Moir Mackenzie
- Born: James Moir Mackenzie 17 October 1886 Sunderland, England
- Died: 22 January 1963 (aged 76) Chichester, England

Rugby union career
- Position: Forward

Amateur team(s)
- Years: Team / Apps / (Points)
- Edinburgh University

Provincial / State sides
- Years: Team / Apps / (Points)
- 1906: Edinburgh District
- 1911: Blues Trial

International career
- Years: Team / Apps / (Points)
- 1905-11: Scotland / 9 / (0)

62nd President of the Scottish Rugby Union
- In office 1948–1949
- Preceded by: Robert Scott
- Succeeded by: Hamish Shaw

= James MacKenzie (rugby union) =

Scotland international rugby union player

Sir James Moir MacKenzie KBE, CMG (17 October 1886 – 22 January 1963) was a Scotland international rugby union player and later director of the Federation of British Industries.

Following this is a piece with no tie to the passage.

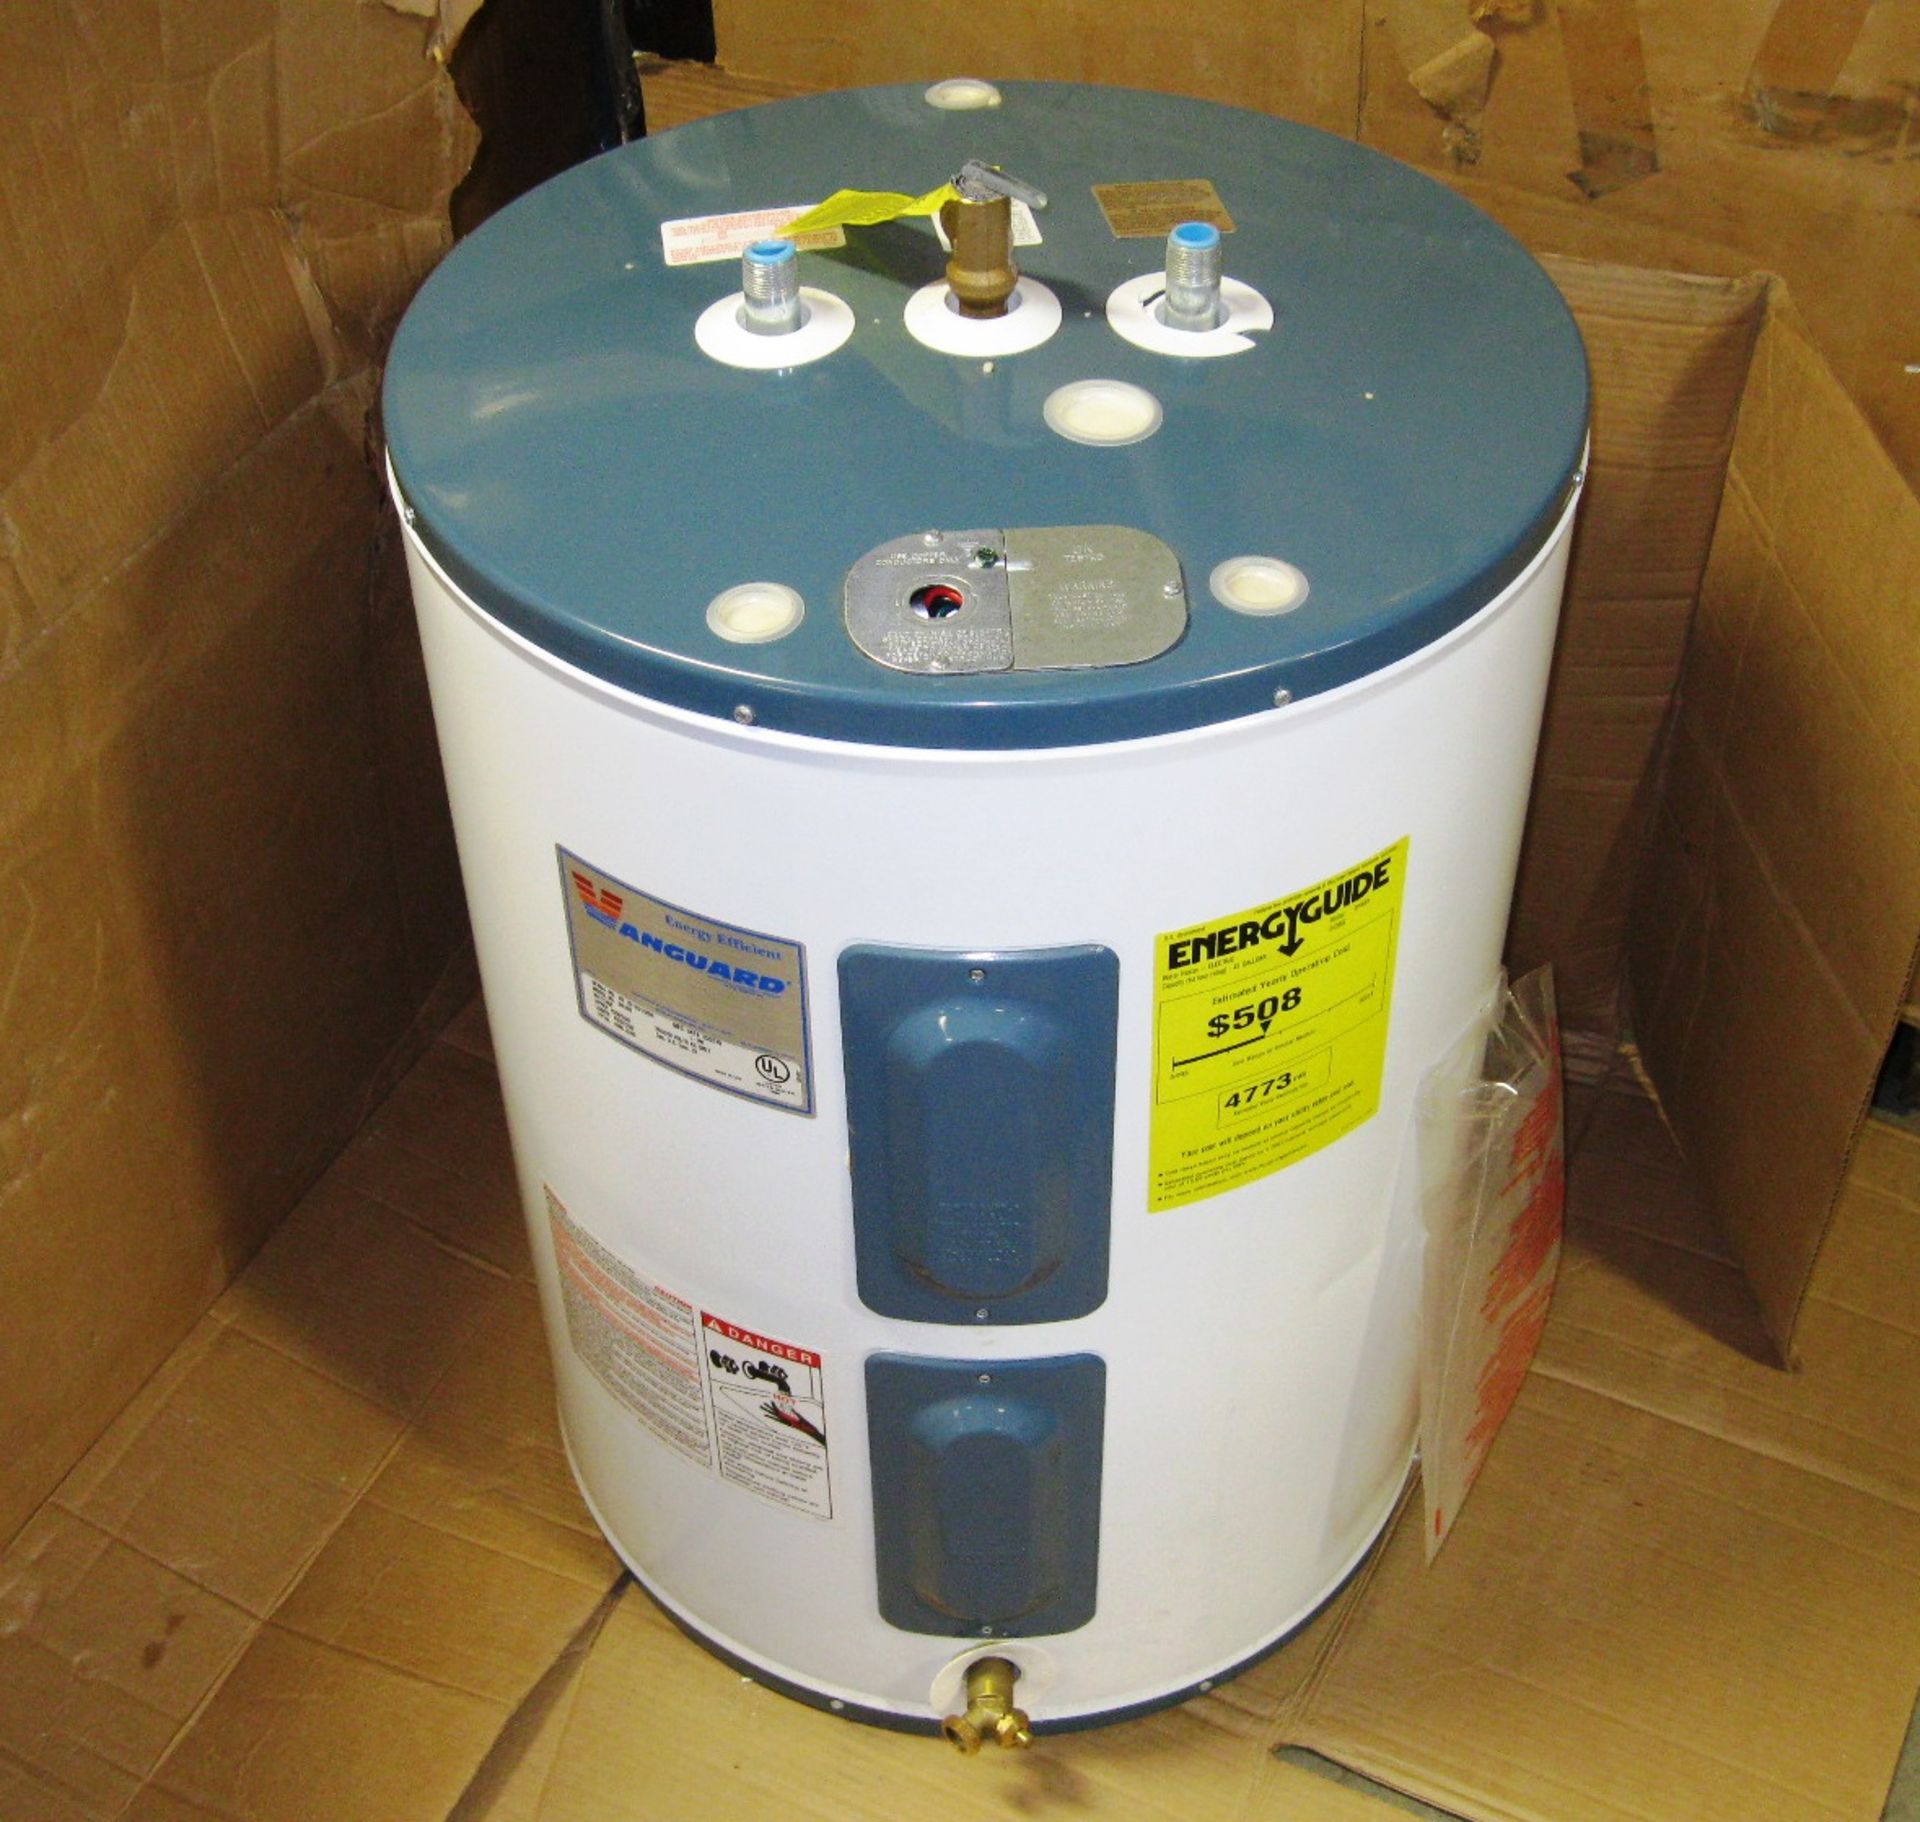 Vanguard 38 Gallon Residential Electric Water Heater 240VAC 3WA69   Condition: New Manufacturer:

He was the 62nd President of the Scottish Rugby Union.

==Rugby union career==

===Amateur career===

He played for Edinburgh University.

===Provincial career===

He played for Edinburgh District in the inter-city match of 1906.

He played for the Blues Trial side against the Whites Trial side on 21 January 1911 while still with Edinburgh University.

===International career===

He was capped nine times for Scotland between 1905 and 1911.

===Administrative career===

He was President of the Scottish Rugby Union for the period 1948 to 1949.